Mais pour l'instant il ne découvrait dans les vallées que d'immenses taches jaunes provoquées par les jonquilles. Celles-ci annonçaient de nouveau le printemps comme également le retour des hirondelles et le passage des grues libertaires.

Là encore le trio reprit la route vers la Creuse et retrouva les viaducs et les tunnels.

Deux années passent ainsi. Nous sommes maintenant en 1880 et notre sympathique équipe continuant ses pérégrinations apprends que de grands bouleversements s'opèrent à Paris. Depuis plusieurs années les maçons creusois montaient à la capitale au printemps et revenaient à l'automne avec un bon pécule.

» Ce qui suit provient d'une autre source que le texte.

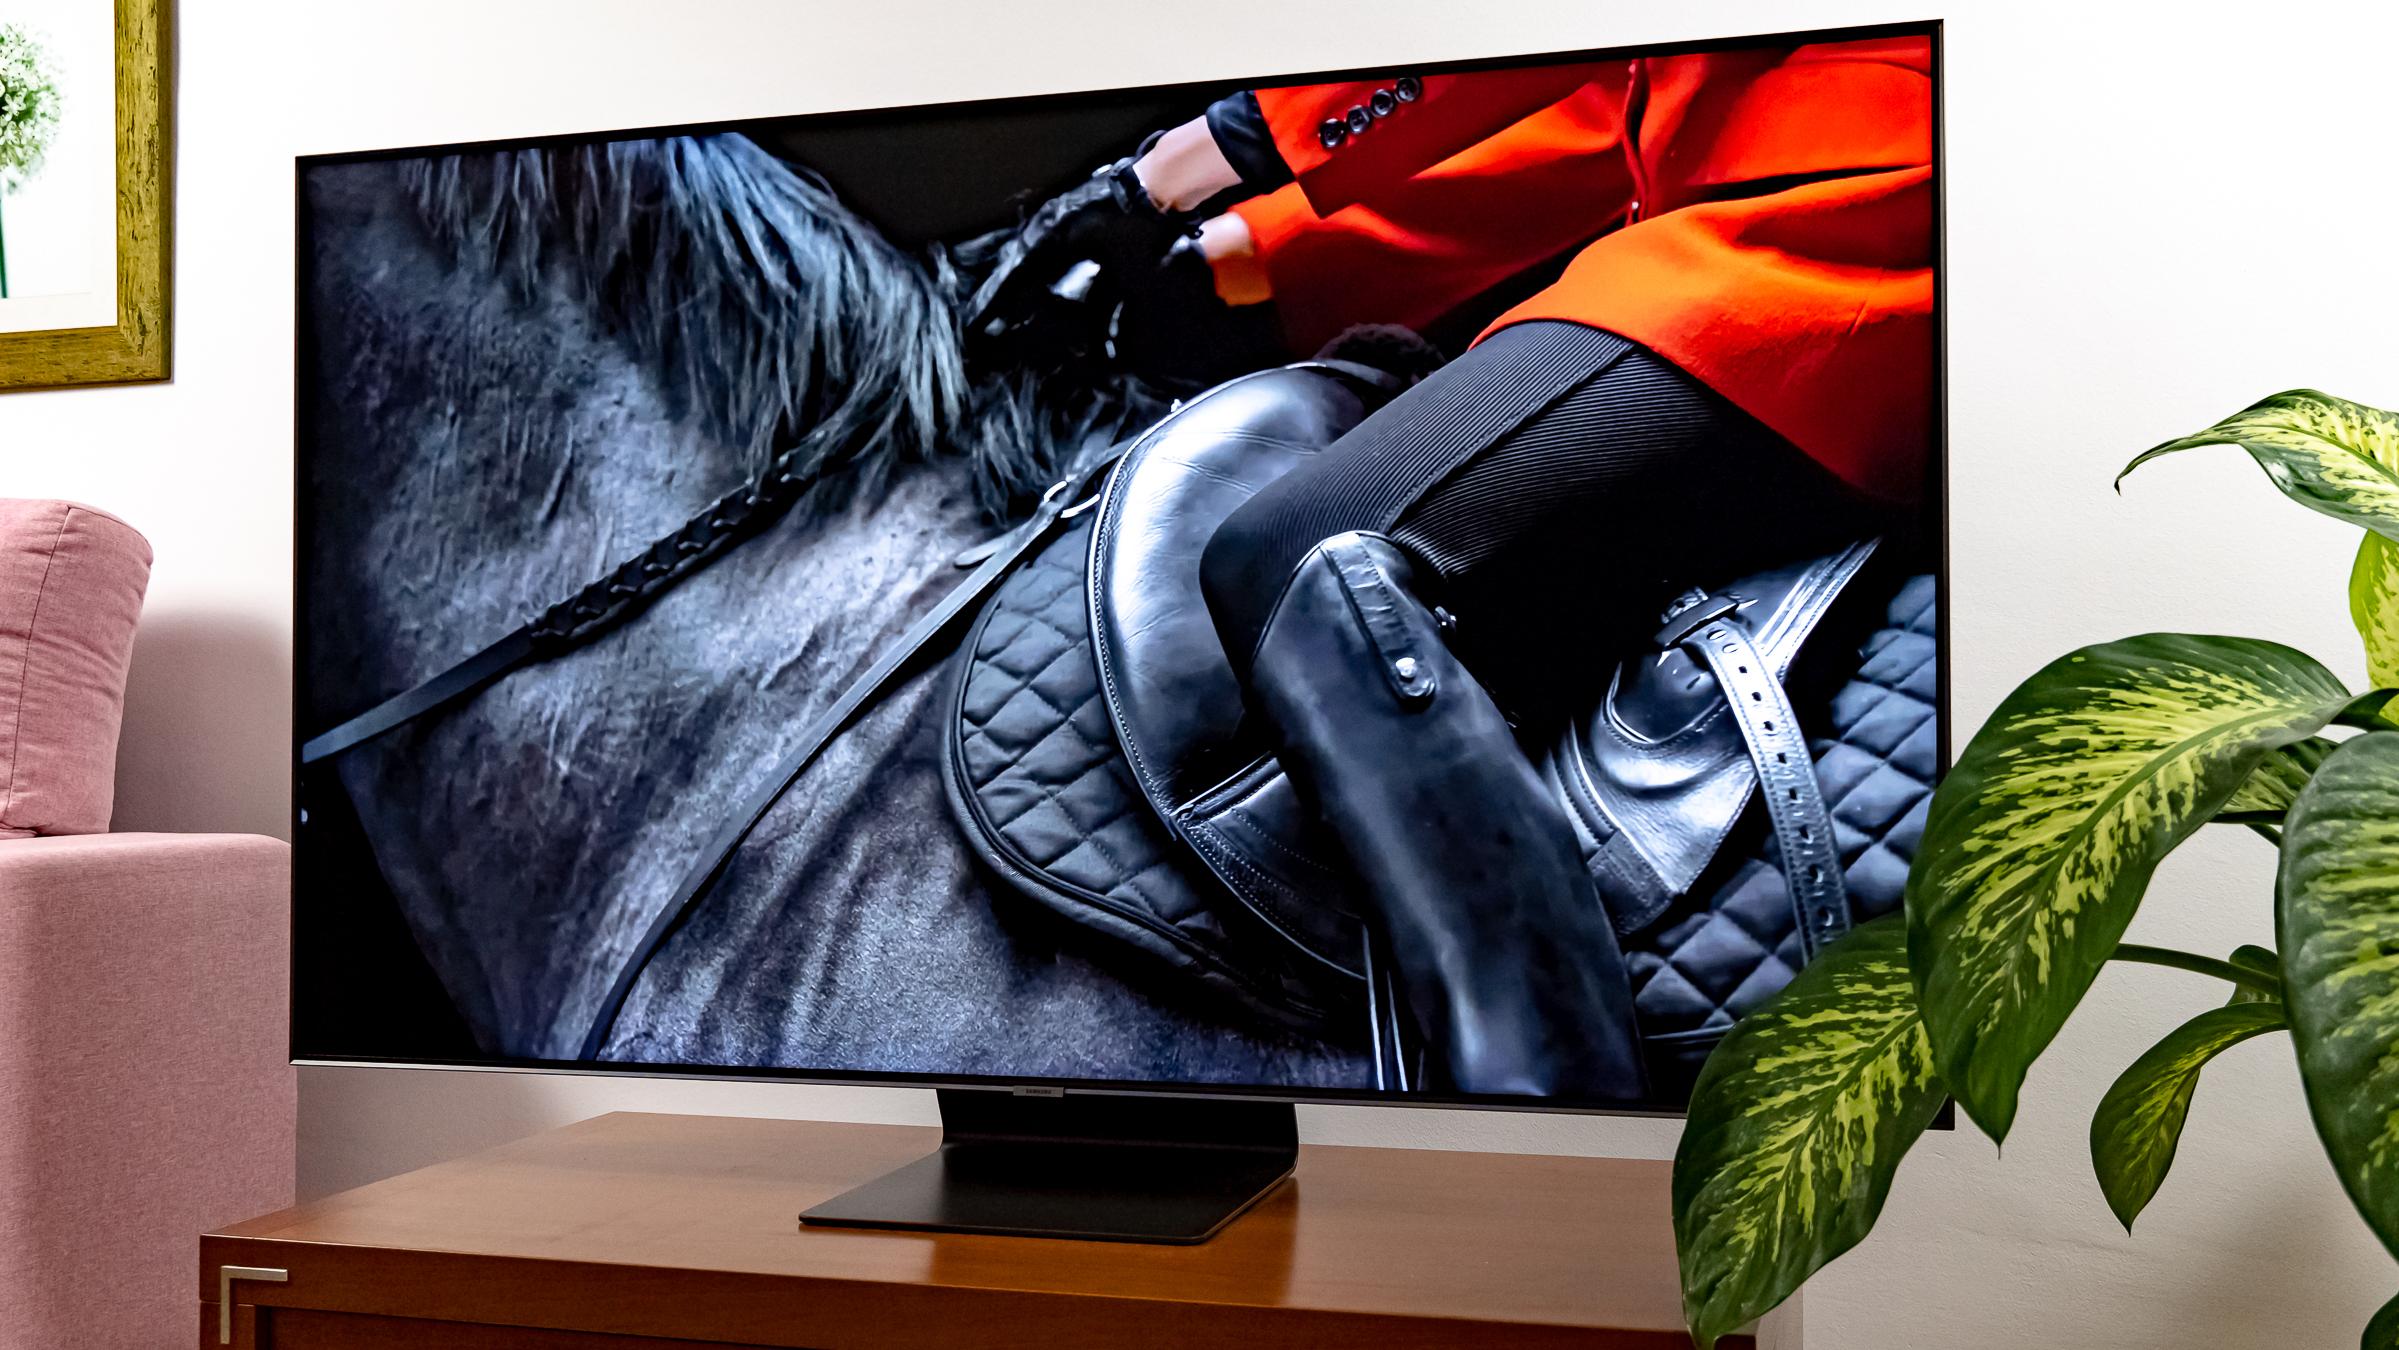 Samsung QLED Q90R, análisis y opinión | Tecnología - ComputerHoy.com

Un soir après leur frugal repas, le Falot qui admirait l’adresse, le savoir qu’Albert détenait osât l’interroger sur son passé : « Dis-moi Albert, d’où te vient cette facilité à travailler si bien en toute situation », « Vois-tu Louis, quelques années auparavant, il m’a été donnée la chance d’accomplir mon tour de France du compagnonnage. Mon père, tailleur de pierre me donna le goût de suivre ses traces et tout naturellement le granit, le calcaire, le tuffeau n’avait plus de secret pour moi. En parcourant toutes les provinces de notre beau pays, j’y appris non seulement les différentes tailles de pierres mais aussi l’art de forger les outils tranchants car n’oublie pas cette phrase : point de forgeron, point de tailleur de pierre. J’y rencontras également des charpentiers dont les outils fétiches étaient l’herminette, la bisaiguë et la doloire. »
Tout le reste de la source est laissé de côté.